-- Exercise data follows --

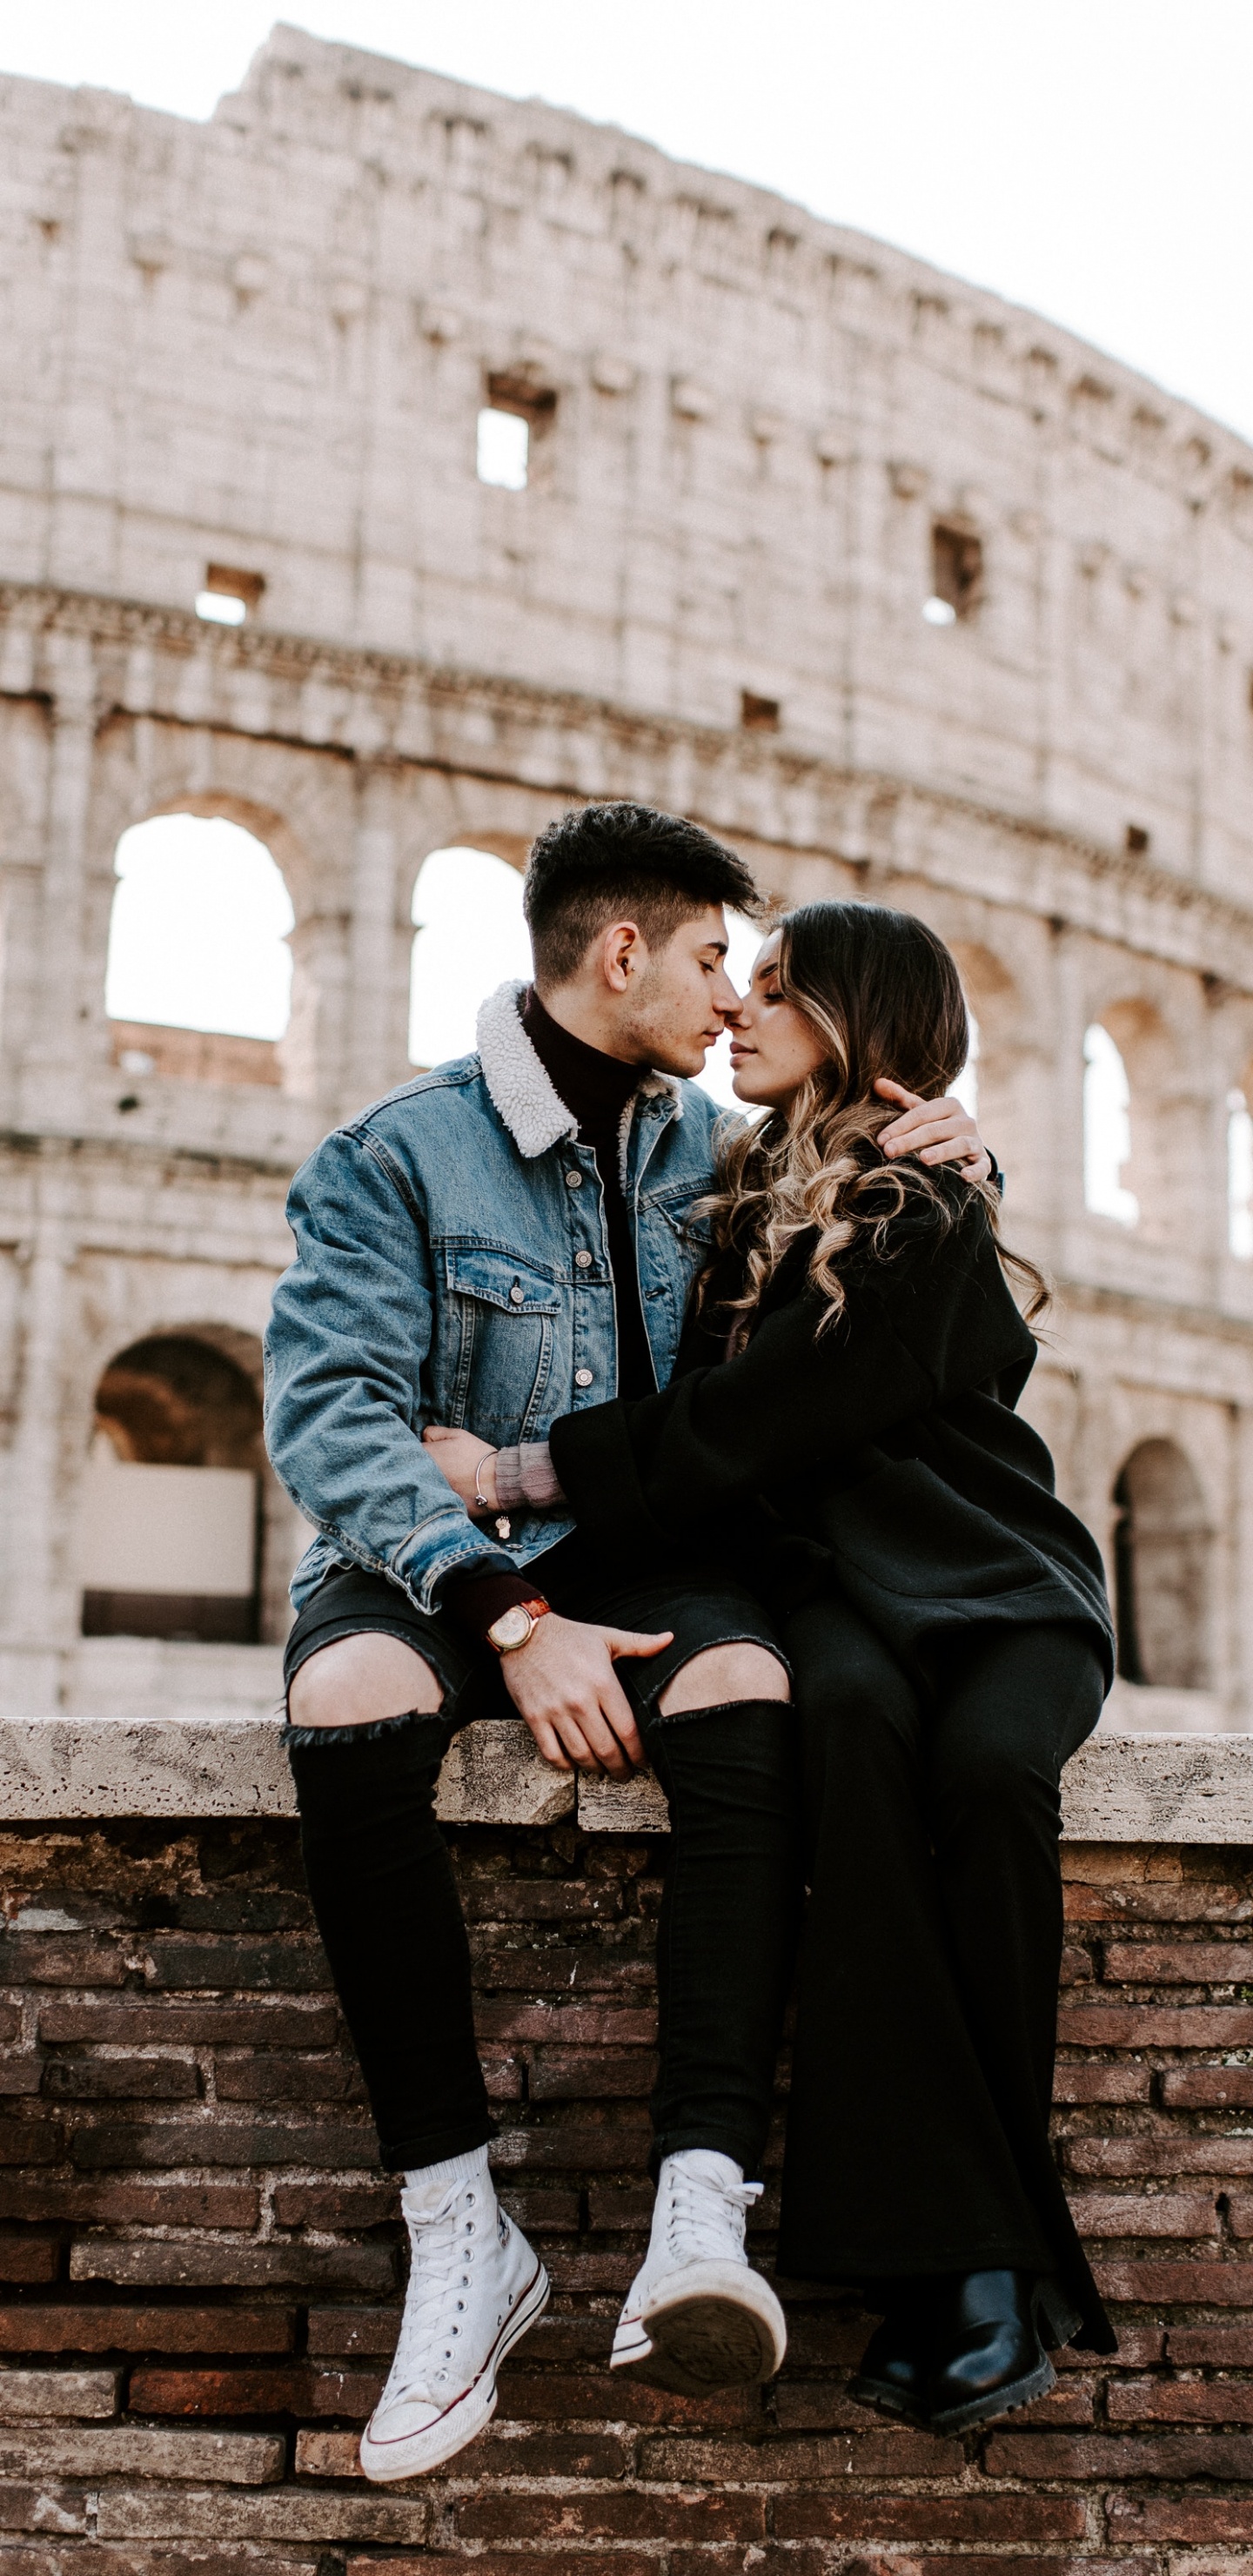 罗马竞技场, 浪漫, 蜜月, 相互作用, 爱情 壁纸 1440x2960 允许
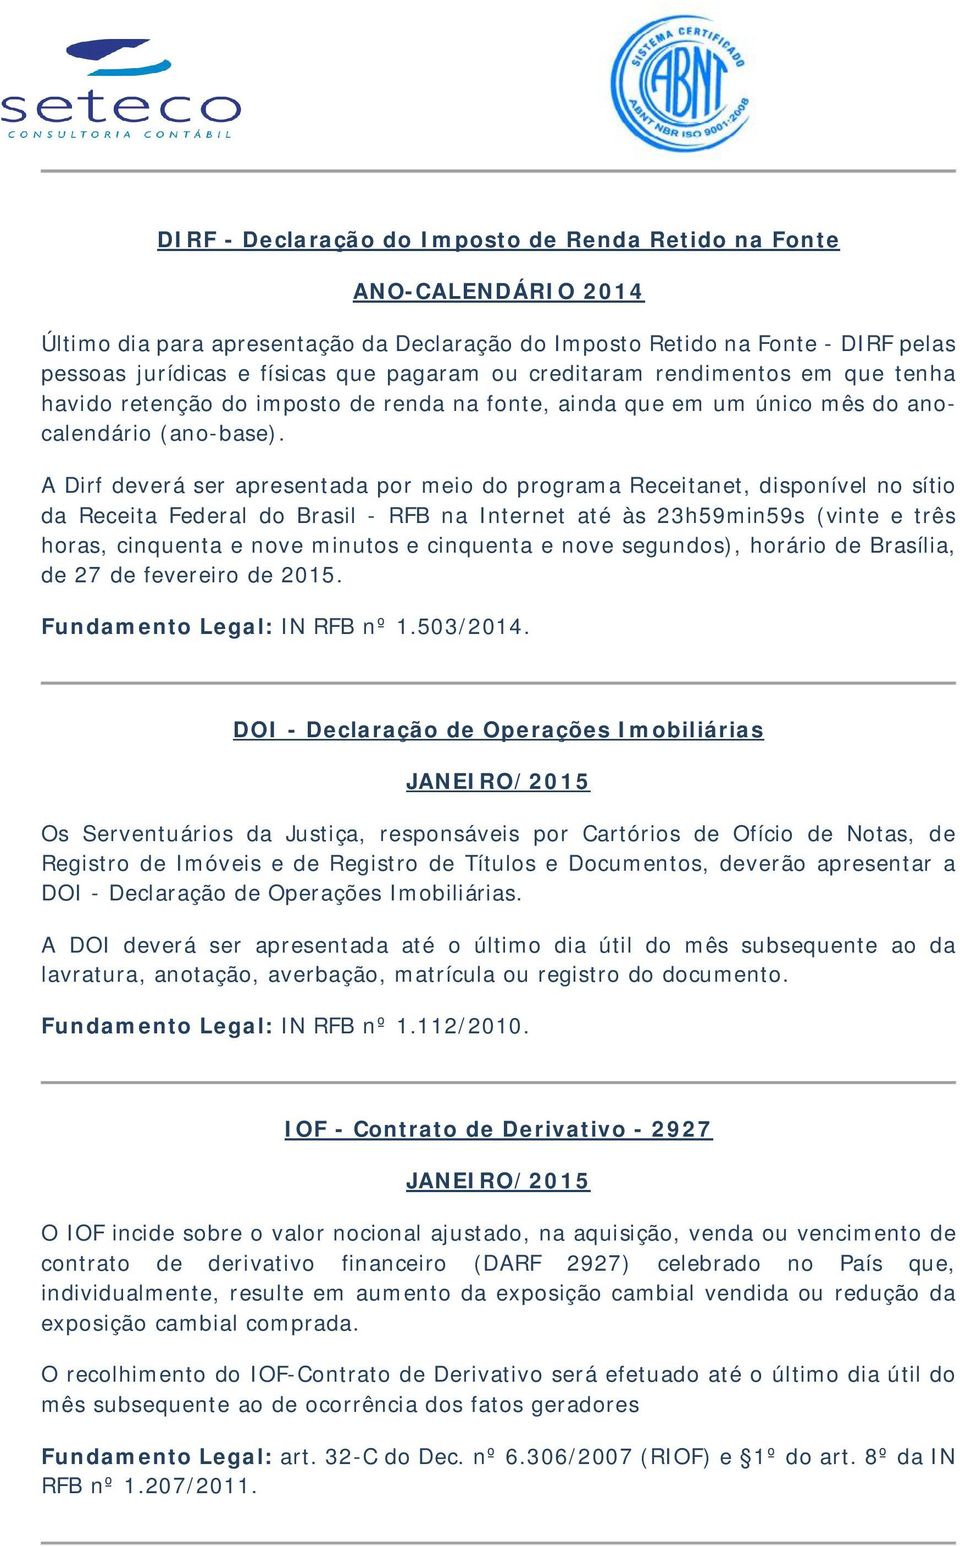 A Dirf deverá ser apresentada por meio do programa Receitanet, disponível no sítio da Receita Federal do Brasil - RFB na Internet até às 23h59min59s (vinte e três horas, cinquenta e nove minutos e
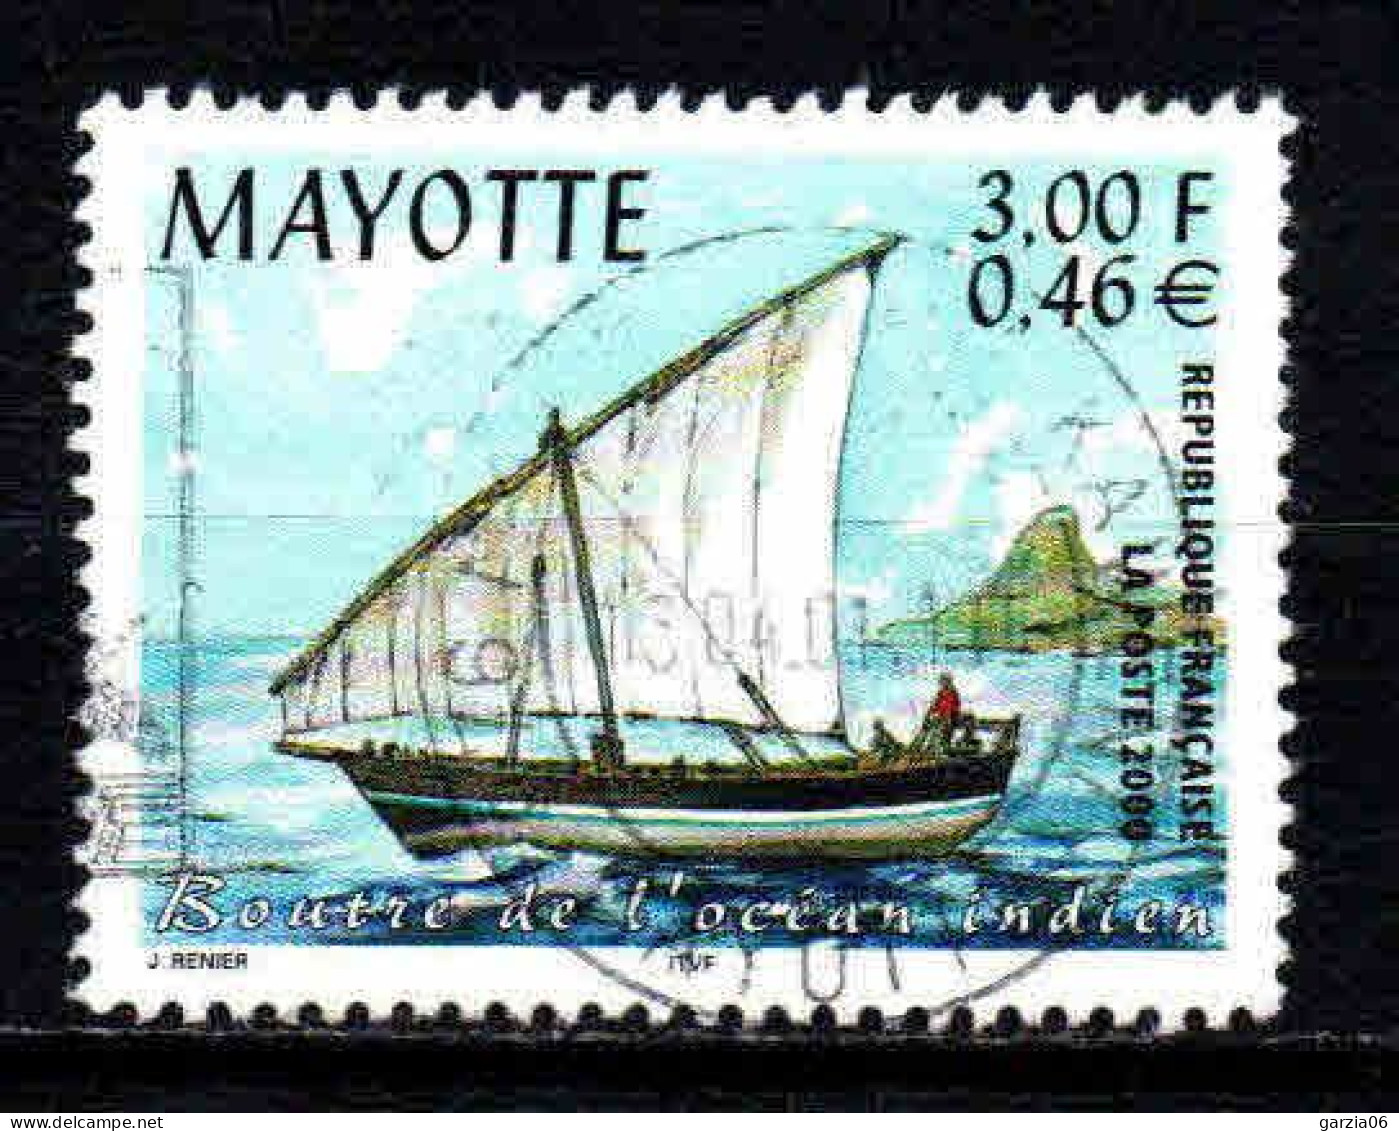 Mayotte - 2000  - Préfecture  - N° 81  -  Oblitéré - Used - Oblitérés

-- Exercise data concluded --

* **How to complete this task**: Give the data again word for word, without images.

* **Solution to the problem**:
 罗马竞技场, 浪漫, 蜜月, 相互作用, 爱情 壁纸 1440x2960 允许
 A Dirf deverá ser apresentada por meio do programa Receitanet, disponível no sítio da Receita Federal do Brasil - RFB na Internet até às 23h59min59s (vinte e três horas, cinquenta e nove minutos e
 Mayotte - 2000  - Préfecture  - N° 81  -  Oblitéré - Used - Oblitérés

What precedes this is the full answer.